Actually, I was thinking of filling this information in as a matter of course. If you know the anatomical site you put it in. If not, SNOMED provides for the conditions a default:
4219977 Traumatic anosmia 4019908 Olfactory nerve structure
4096805 Post-surgical hypoparathyroidism 4006785 Parathyroid structure
381440 Extradural hemorrhage following injury without open intracranial wound AND with concussion 4028247 Intracranial structure
As a result, we’d have a reasonable anatomical structure no matter what, and the post-coordination is not creating contradictions.
We could do a similar thing for pathology.
Christian, your approach seems promising to me. I would be very interested in participating in a session on this.
@Christian_Reich Do you have a time-frame in mind for a session? Some key people at our shop will only be available to work on this over the next few weeks. So we are eager to develop a consensus about the proper approach ASAP.
I’ll put a doodle in.
Is the session today at 2:00 to 3:00? If so, what time zone? What phone number?
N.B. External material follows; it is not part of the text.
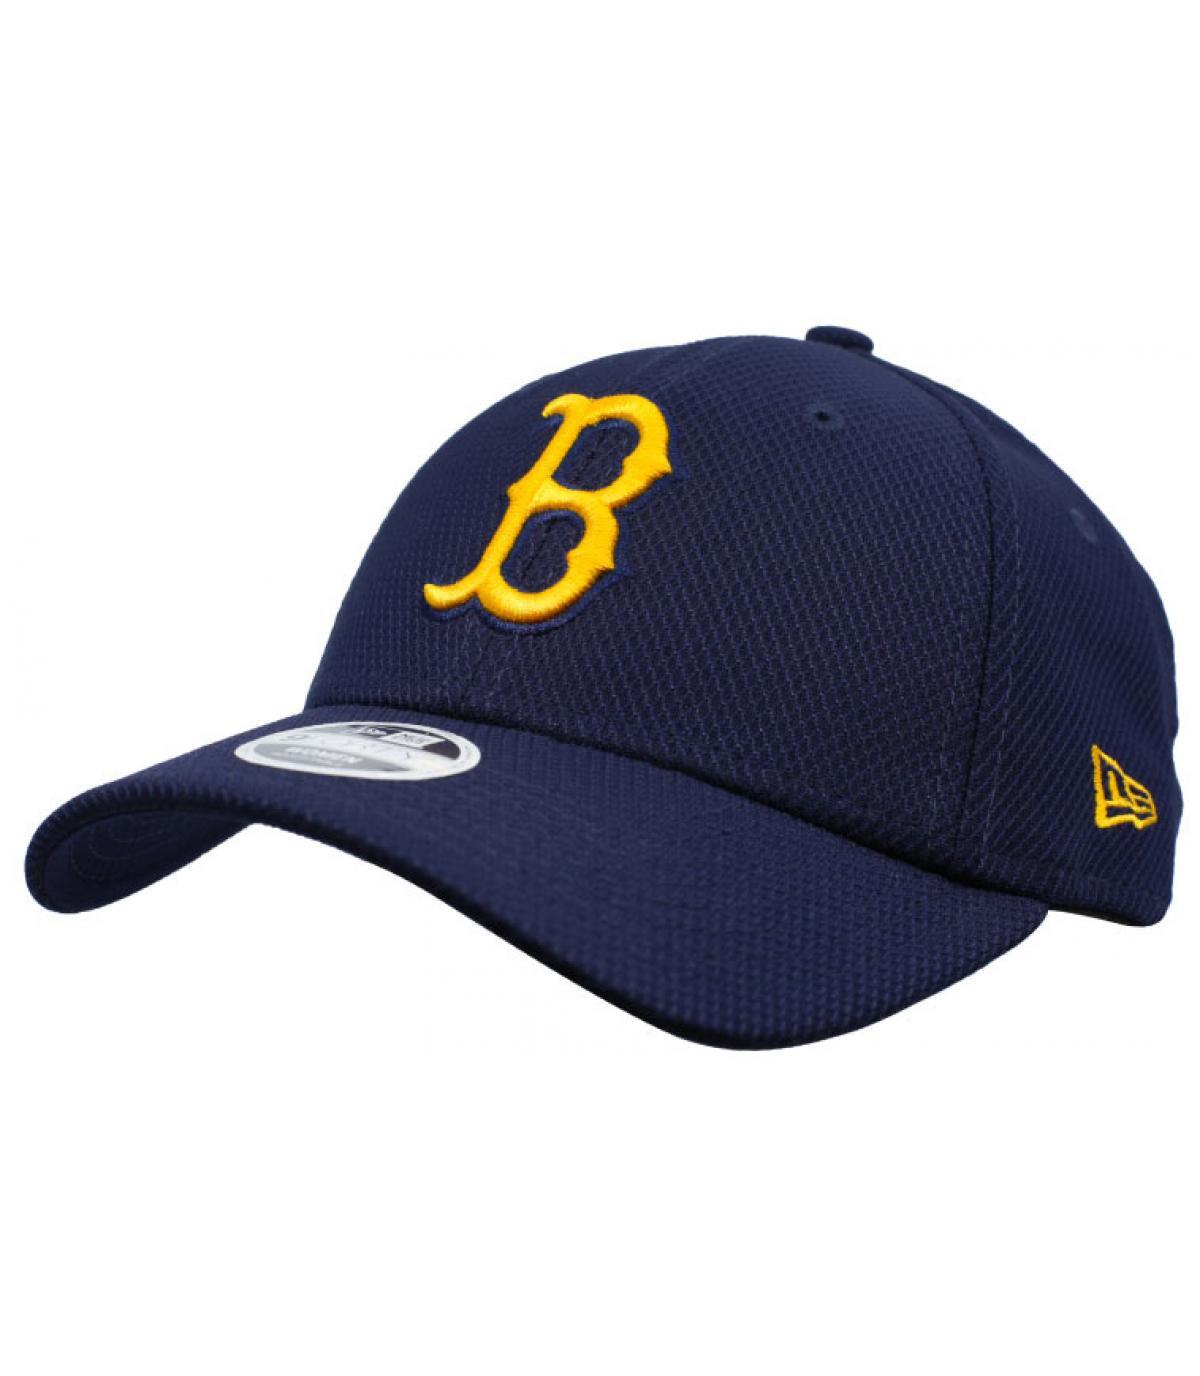 Damen Cap B blau gelb

Sorry for the questions I have not participated in any vocabulary working group sessions before.
Sorry for the silence, friends. Still working with individuals to find a date. We need all be there who have use cases, data and experience.
This is a followup from the Oncology in OMOP CDM kick-off session.
Here is a link to the CAP Cancer Protocol Templates:
The templates are broken up by anatomical site/sub-site. The templates cover many of the tumor/site specific data points that OHDSI folks have expressed an interest in placing within the CDM. The templates are in the form of question/answer checklists. Here is a link to the license-required XML version of the CAP Cancer Protocol Templates (named CAP eCC):
From what I have read, the CAP eCC contains mappings to SNOMED concepts/codes. I believe for both questions and answers. I am planning on talking to CAP in relation to my own project for a Prostate Cancer data repository at Northwestern that uses the OHDSI/OMOP CDM.
Here is another possible source of help in organizing oncology data within ODHSI/OMOP:
@Christian_Reich Is there a timeline for moving this forward?
I’m holding off on developing an ad hoc ETL so we conform to the official CDM solution. The timing of my grant may soon force my hand. We need an ETL that puts the NAACCR output of our institution’s cancer registry into the same CDM instance as our EHR data.
Yes. I will spawn a Subgroup today. And I won’t be the bottleneck any longer.
I was wondering if the group has reached certain consensus on an approach to move forward with handling Oncology datasets which could be shared with the wider audience on OHDSI?